WO1999055475A1

WO1999055475A1 - Method for hot pressing workpieces

Info

Publication number: WO1999055475A1
Application number: PCT/CH1999/000155
Authority: WO
Inventors: Raymond SCHÖNENBERGER; Andreas Matt; Michael Suter
Original assignee: Hatebur Umformmaschinen Ag
Priority date: 1998-04-24
Filing date: 1999-04-19
Publication date: 1999-11-04
Also published as: ES2182502T3; EP1073534A1; AU3135399A; EA200001100A1; EA002505B1; UA54590C2; KR20010042922A; JP3524496B2; CN1089653C; CN1298329A; US6286350B1; JP2002512888A; CZ20003924A3; KR100400706B1; CZ296945B6; TW453913B; EP1073534B1; DE59903173D1

Abstract

A device for hot pressing workpieces, comprising a matrix (5), an ejector (7) associated therewith that can move outwards and inwards and a pressure ram (1) that can move forwards and backwards. The ejector (7) is joined to a displaceable control piston (8) arranged in a pressure chamber (28). A liquid can flow out of the pressure chamber (28) via an exit hole (28) and a discharge line (23). A throttle (25) is arranged in the liquid discharge line (23) in order to retard the liquid as it flows outward and delay the extended ejector (7) as it is pushed back by the advancing pressure ram (1) in such a way that a workpiece (4) arranged between the ejector (7) and the pressure ram (1) is upset outside the matrix (5) and descaled.

Description

Process for hot pressing workpieces

The present invention relates to a method for hot pressing workpieces and an apparatus for carrying out this method, as defined in the preambles of independent claims 1 and 4.

In hot pressing, a cylindrical workpiece is usually first sheared off from a metal rod heated to the forging temperature.
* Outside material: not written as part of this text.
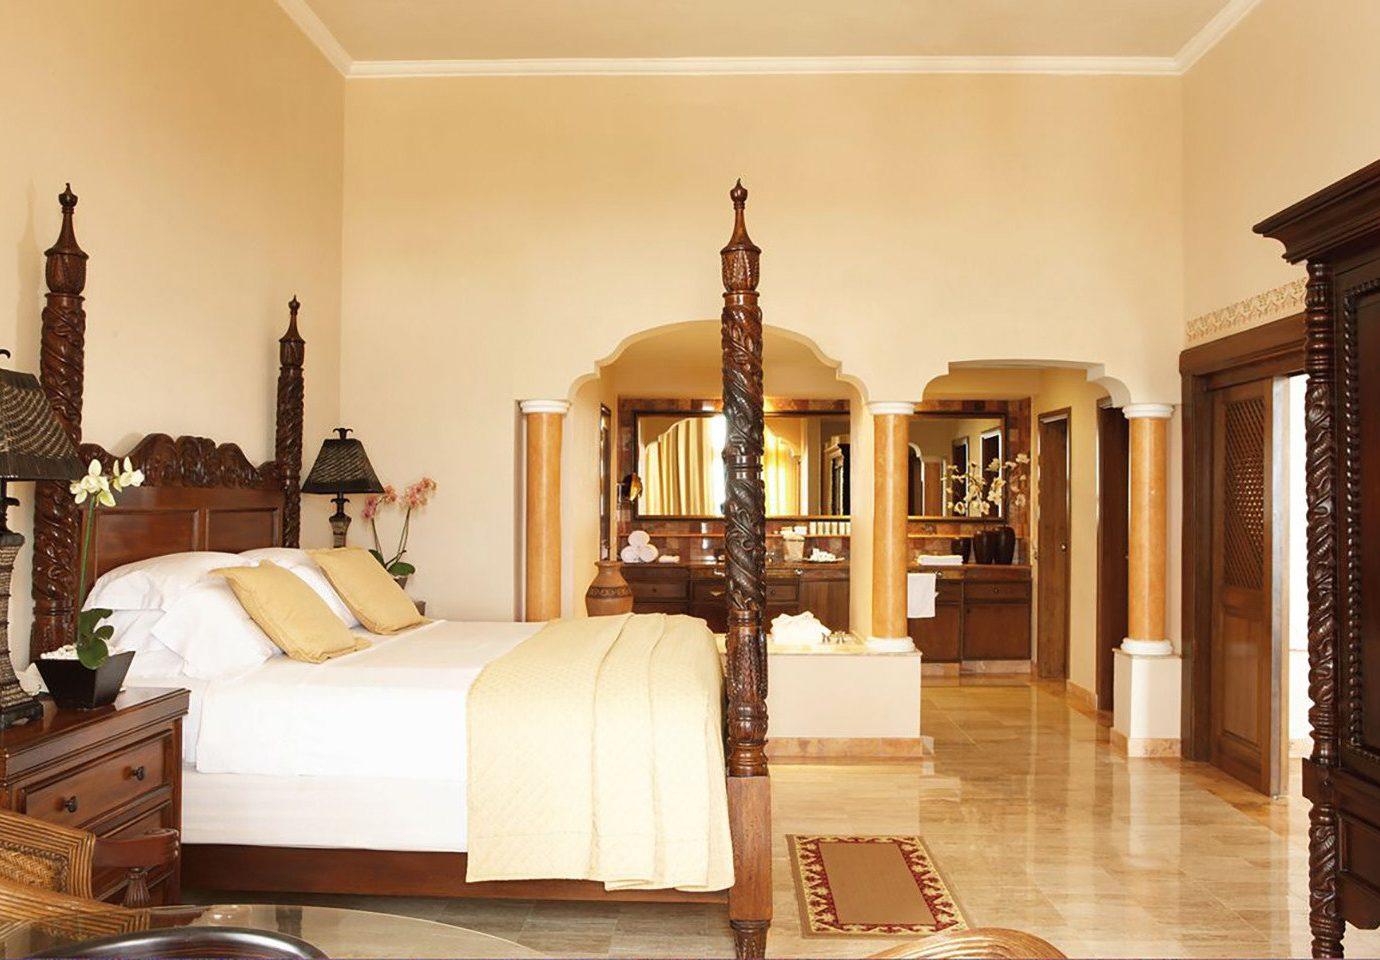 Hotels indoor wall floor room Living property furniture estate Suite ceiling interior design real estate Bedroom bed hacienda bed frame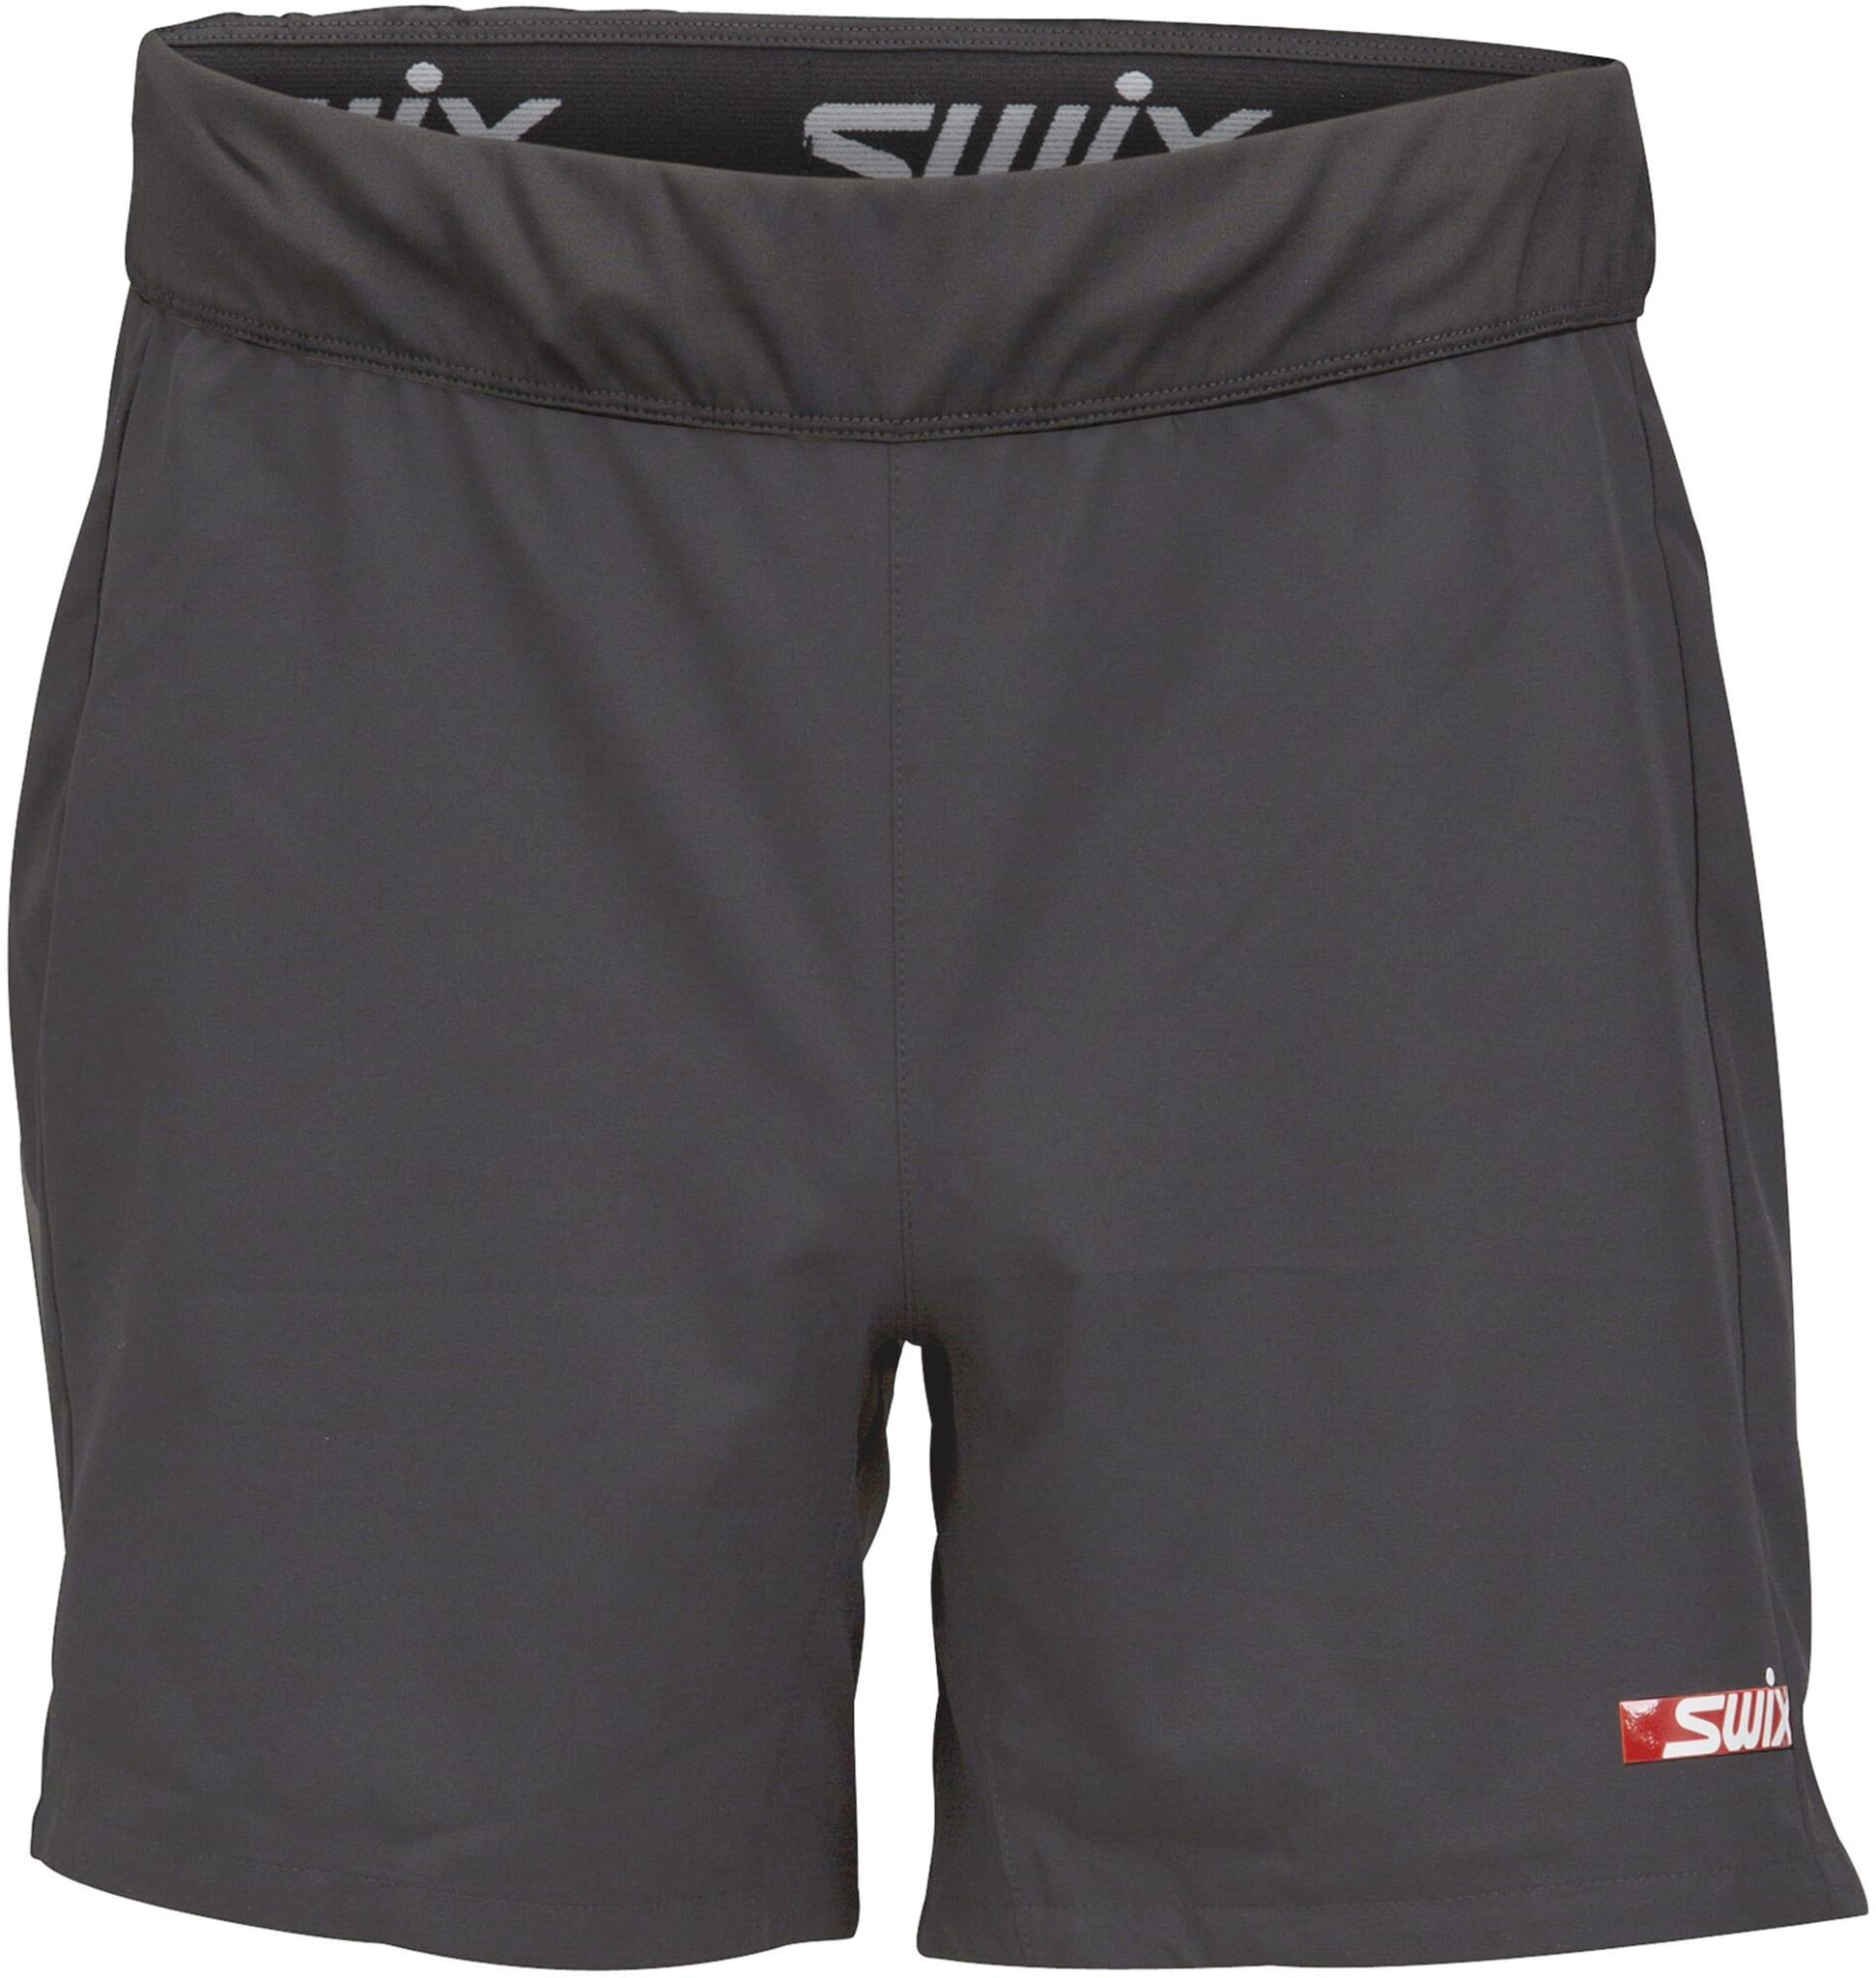 En rik og gjennomtengt lett løpshorts til bruk over dine tights eller treningstrunk favoritter.

Due to the heating, the workpiece is covered by a scale coating, i.e. surrounded by an oxide layer that flakes off when the workpiece is formed. There are basically two options for descaling:

a) The workpiece with scale is introduced into the first or only die of a hot-forming machine and the scale is broken off from the workpiece there during the compression molding with the aid of a press ram.

b) The workpiece with scale is pre-compressed and descaled outside a die in a first forming station and inserted into the first or only die of the hot-forming machine in a second forming station and compression-molded there.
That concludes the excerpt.